Приподнятая рука генерала замерла. Загорелые пальцы опять сложились щепотью. Что он, снова щелкнет? Нет, пальцы остановились. Он воскликнул:

— Вот вам, товарищ, это слово! Превзойти! — Панфилов повторил раздельно: — Пре-взой-ти! Бойцы и командиры превзошли все, чего от них мог я ожидать. Превзошли себя! Таков, пожалуй, и был мой негаданный резерв. Вы поняли?

Он подумал, добавил:

— Конечно, у меня только предварительные сведения. Давно не имею связи со штабами двух полков. Не знаю, где командиры этих полков. Живы ли? Многого не знаю. И слово «превзойти» тоже предварительное. Потом отыщем что-либо посодержательнее, поточнее. Может быть, и поскромнее. Впереди еще нелегкие деньки. Будем это знать! И все-таки… Все-таки сейчас не подвертывается другое слово. Только это — «превзойти»! Ну-с, теперь, товарищи, я с чистой совестью могу сказать вам: до свидания.

Он потянулся к карте, хотел ее сложить, но задержал на ней взгляд.

— В темноте будем выводить войска на следующий рубеж… Отойдем, нигде не позволив врагу прорвать фронт дивизии.

Панфилов вручил карту владельцу.

— Итак, товарищи, до встречи. Доброго пути!

Вновь обнаружив в улыбке свои ямочки, Нефедов сдернул через голову ремешок фотоаппарата.

— Товарищ генерал, разрешите, я вас тут сниму? Вот как вы стоите! В полушубке! Рядом с этой выбоинкой! — Он указал на трюмо. — Товарищ генерал, надымлю немного магнием. Но здесь живо проветрится.

— Э, днем немец отсюда нас выкуривал, а теперь, извольте-ка, этим займетесь вы? Избавьте, товарищ Нефедов. Не надо.

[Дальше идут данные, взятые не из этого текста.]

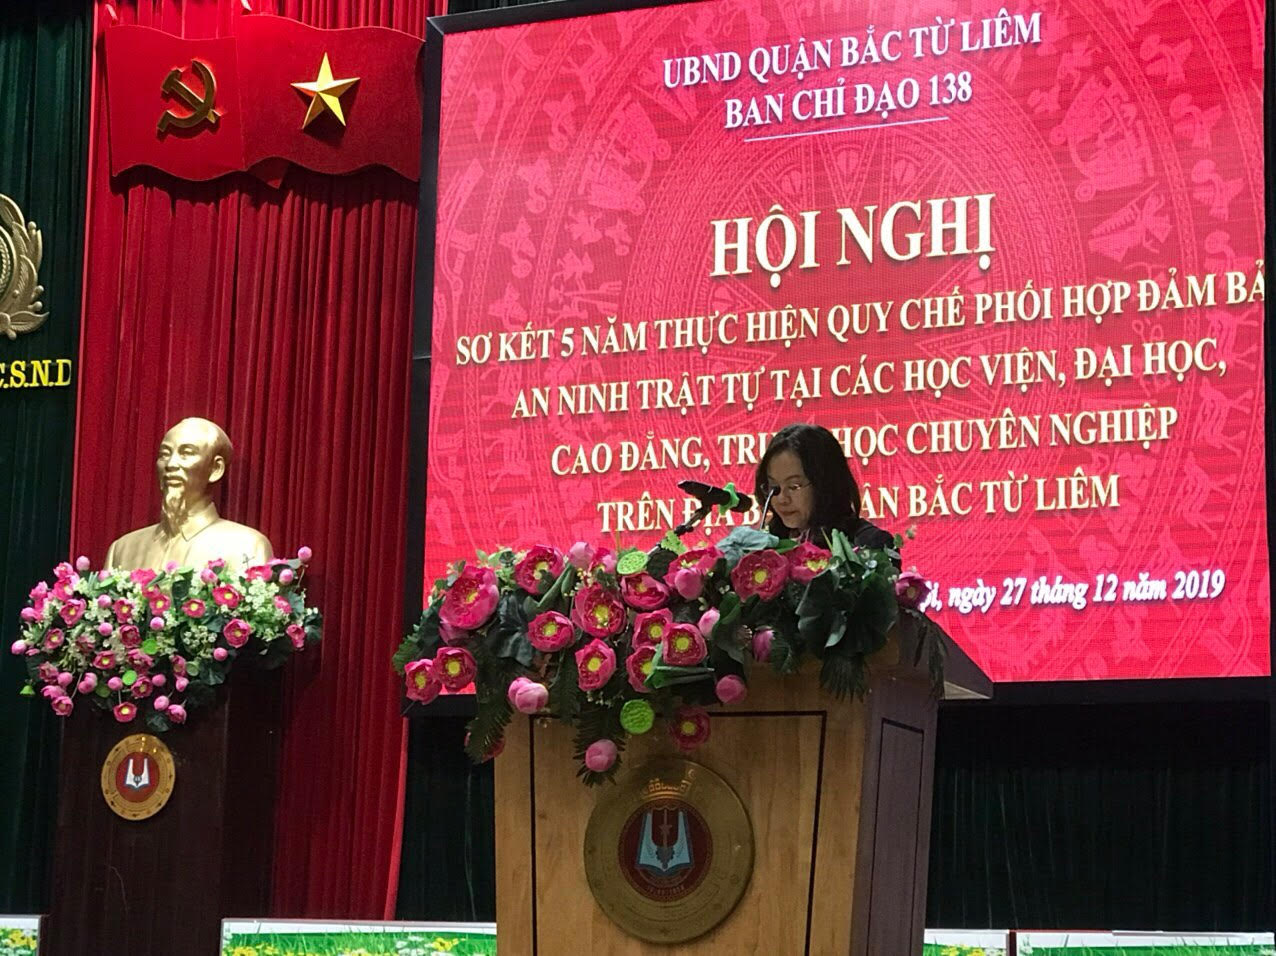 Đồng chí Nguyễn Thị Nắng Mai – Phó Chủ tịch UBND Quận phát biểu tại Hội nghị

— Товарищ генерал, ведь замечательный сюжет.

— Ничего. Есть позамечательней! Поезжайте-ка через Гусеново. Там в разведотделе найдете пленного гитлеровского капитана. Отборный экземпляр. Возможно, застанете и бойца-москвича Строжкина, который его взял. — Панфилов посмотрел на часы. — Застанете! Сейчас туда позвоним. Сфотографируйте их вместе. Юноша-боец ведет обезоруженного здоровенного разбойника, командира батальона. Москва этому порадуется. А меня, товарищ Нефедов, снять еще успеете. Загляните завтра. Выйду на волю, на морозец, прихвачу товарищей, вот вы и щелкнете. Ну, по рукам!

Корреспондент в коротком кожушке упрятал карту.

— Нефедов, не приставай. Товарищ генерал, спасибо вам за слово!

Оба откозыряли. Гул заведенного мотора. Машина укатила.

Сказав мне «подождите», Панфилов удалился в соседнюю комнату, откуда во время беседы с корреспондентами иной раз заглушенно долетал голос капитана Дорфмана, разговаривавшего по телефону.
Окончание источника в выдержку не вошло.